I think I can safely say that FCNY are not going to start a war with Victoria. Gear up defensively, yes. Expand into New Jersey/Delaware/Maryland/Pennsylvania yes. Start a war no. They're the diplo/espionage spec faction, not the military spec. They have entirely too much to lose should a dumb Frog-7 equivalent rocket or Scud gets through their air defenses and crash into Manhattan.
And California has Japan-occupied Cascadia to their north and Japan-occupied Hawaii in the Pacific to worry about, in addition to internal political issues and Russian fuckery from out of occupied Alaska.
They are not setting up an expedition to come to the East coast to kill the Vics, much as they might like to.
However, Blackwell would need to have these Harpoonskis. Even just big numbers are somewhat problematic from a logistical standpoint - and then you have the issue of crews to be trained and formations to be raised...
Hezbollah has antiship missiles, and 300km+ ballistic missiles, and they sure as heck did not build them in Lebanon.
And that's in spite of all the Israelis could do in the way of intercepting foreign arms shipments from Syria and Iran.
So do the Houthis, despite the efforts of Saudi Arabia and friends to maintain a blockade.
Do not overestimate the difficulty involved in acquiring a single weapon system.
In a decade, Victoria might indeed have enough metal for such high-end combatants to be essential. The question is "Why are you giving him a decade?". Two-three years should be enough to build up Chicago's forces; By then, Victoria would still be recovering from their civil war, and they would still lack too many officers and technicians lost in Detroit campaign and "internal debates".
Because we need to eat a sandwich of our own.
We need to give our economy time to grow big enough to support a proper expeditionary war.
We need to train those parts of our military not called the Big Red One up from Korean War standards.
We need to procure industrial equipment and set up domestic production lines.
We need to feed and improve the lives of our people, who want both a better life and to murdering Victoria in the face.

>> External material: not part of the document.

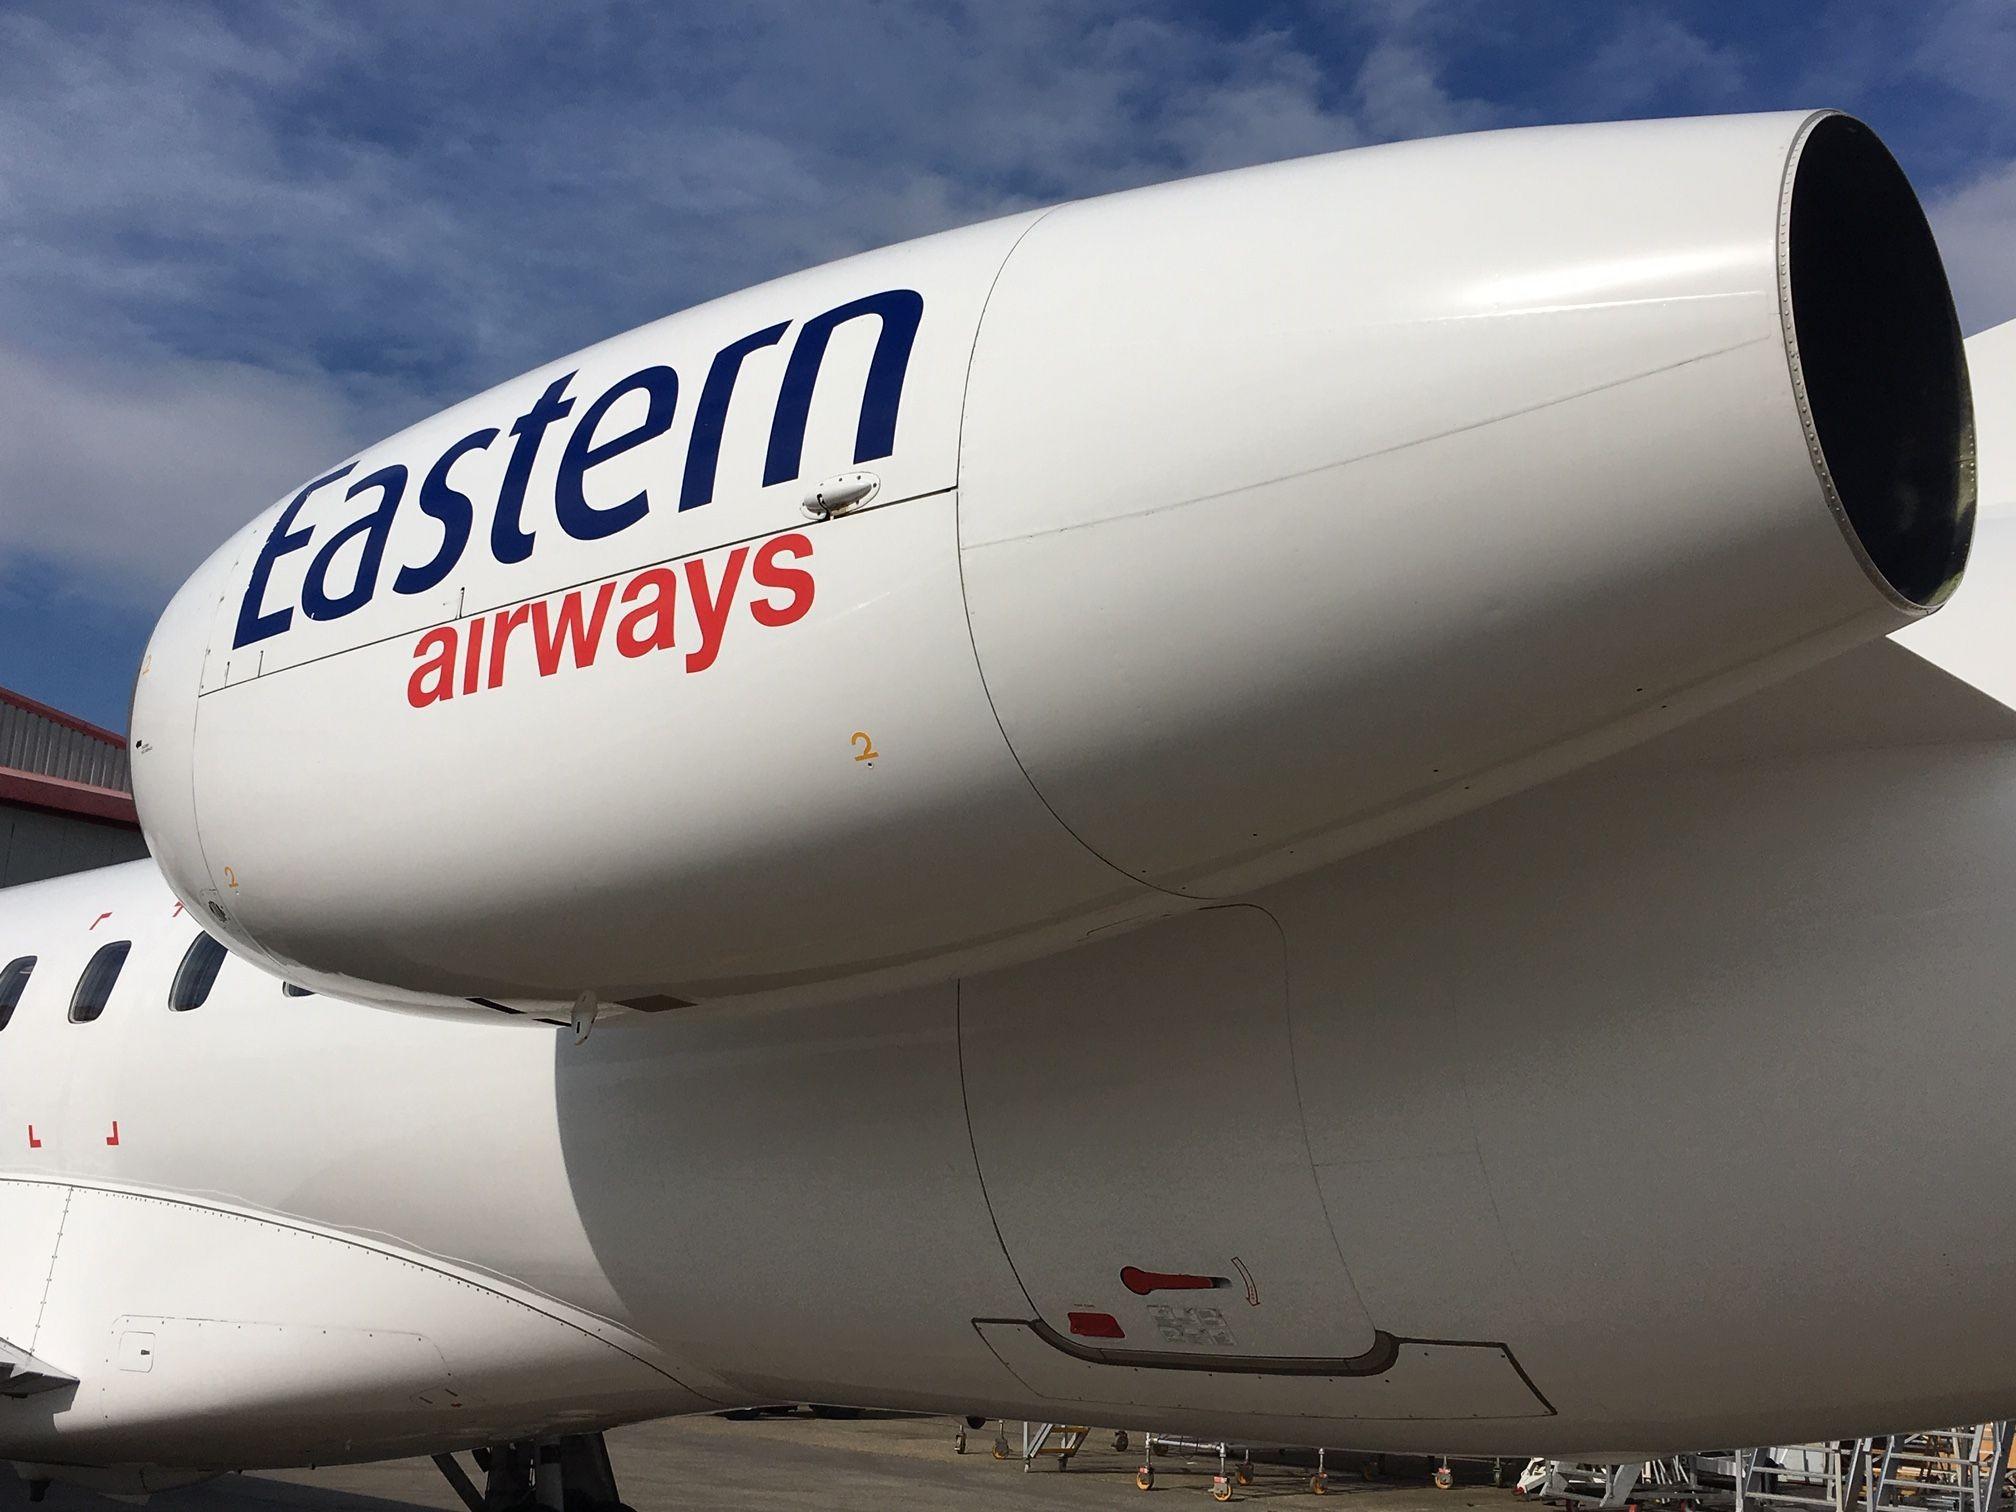 Eastern Airways (UK) Ltd   LinkedIn

We need to establish public health systems against the next epidemic. Settle domestic political issues, like immigration and refugees and the political status of petitioners to join the Accords. And establish diplomatic outreach abroad and to the rest of North America.

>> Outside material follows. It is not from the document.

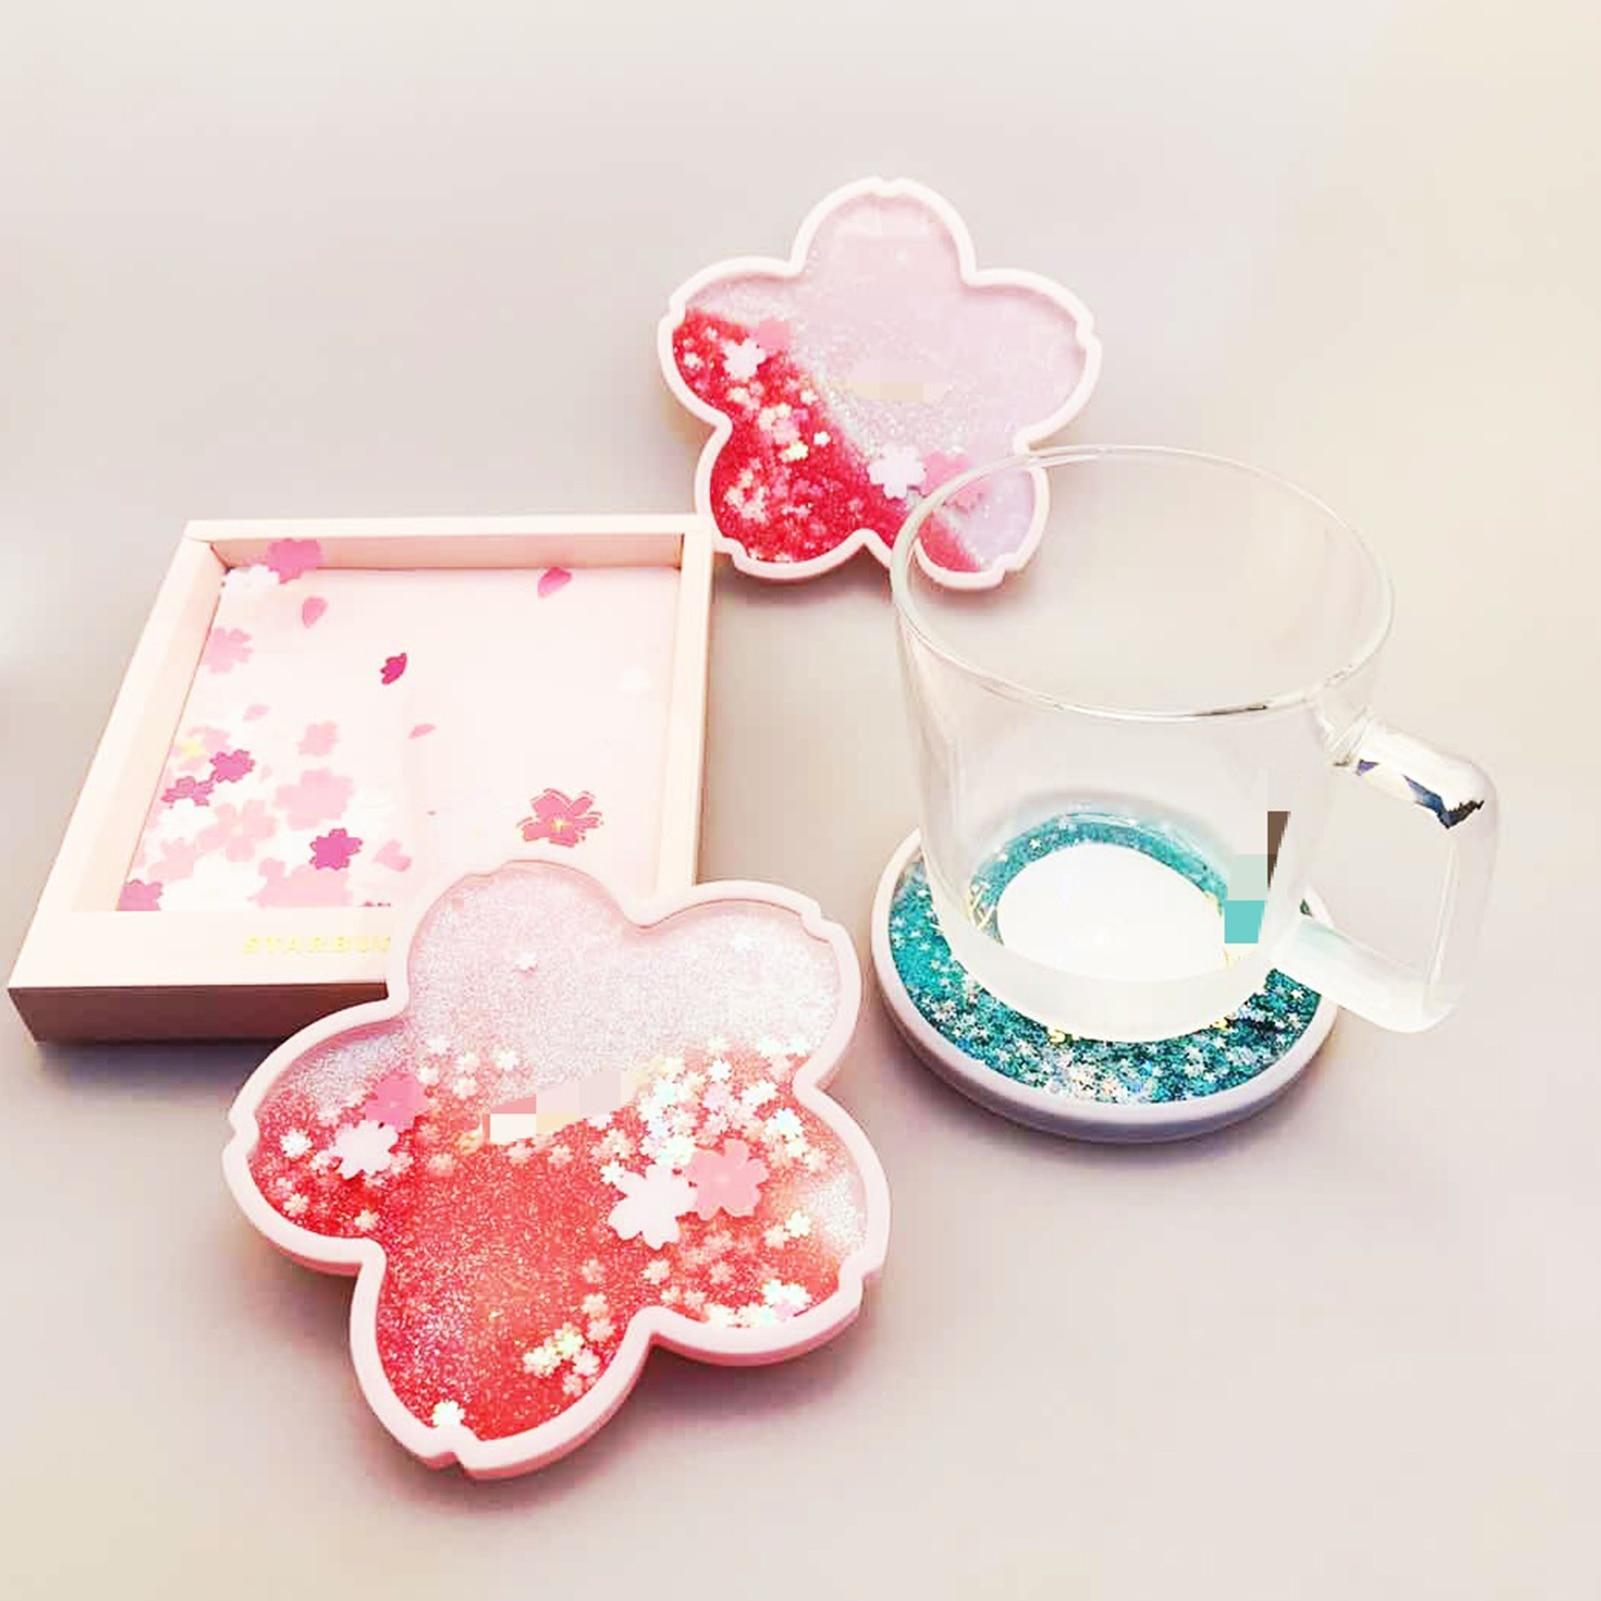 Glittery Sakura Quicksand Drink Mat 6

And grow the country by inducting more parts of America-That-Was into America-That-Is-Becoming.
Both for ideological reasons, and hardheaded growing our economic grunt reasons.
Now, some of the items on the wish list may be more avoidable than others. For instance, railguns are not essential to the ships' ability to function, and a more conventional chemical-propellant gun system will have the vast advantage that no matter what happens to our supply of overseas equipment, we can still make something to be fired out the gun. The railgun gets dropped, and the "procure expensive high-performance ammo for it" project is demoted to low priority.
Oddly enough?
Its probably going to be cheaper to acquire railgun ammo than powder gun shells.
At least, powder gun shells with antiship cruise missile capability.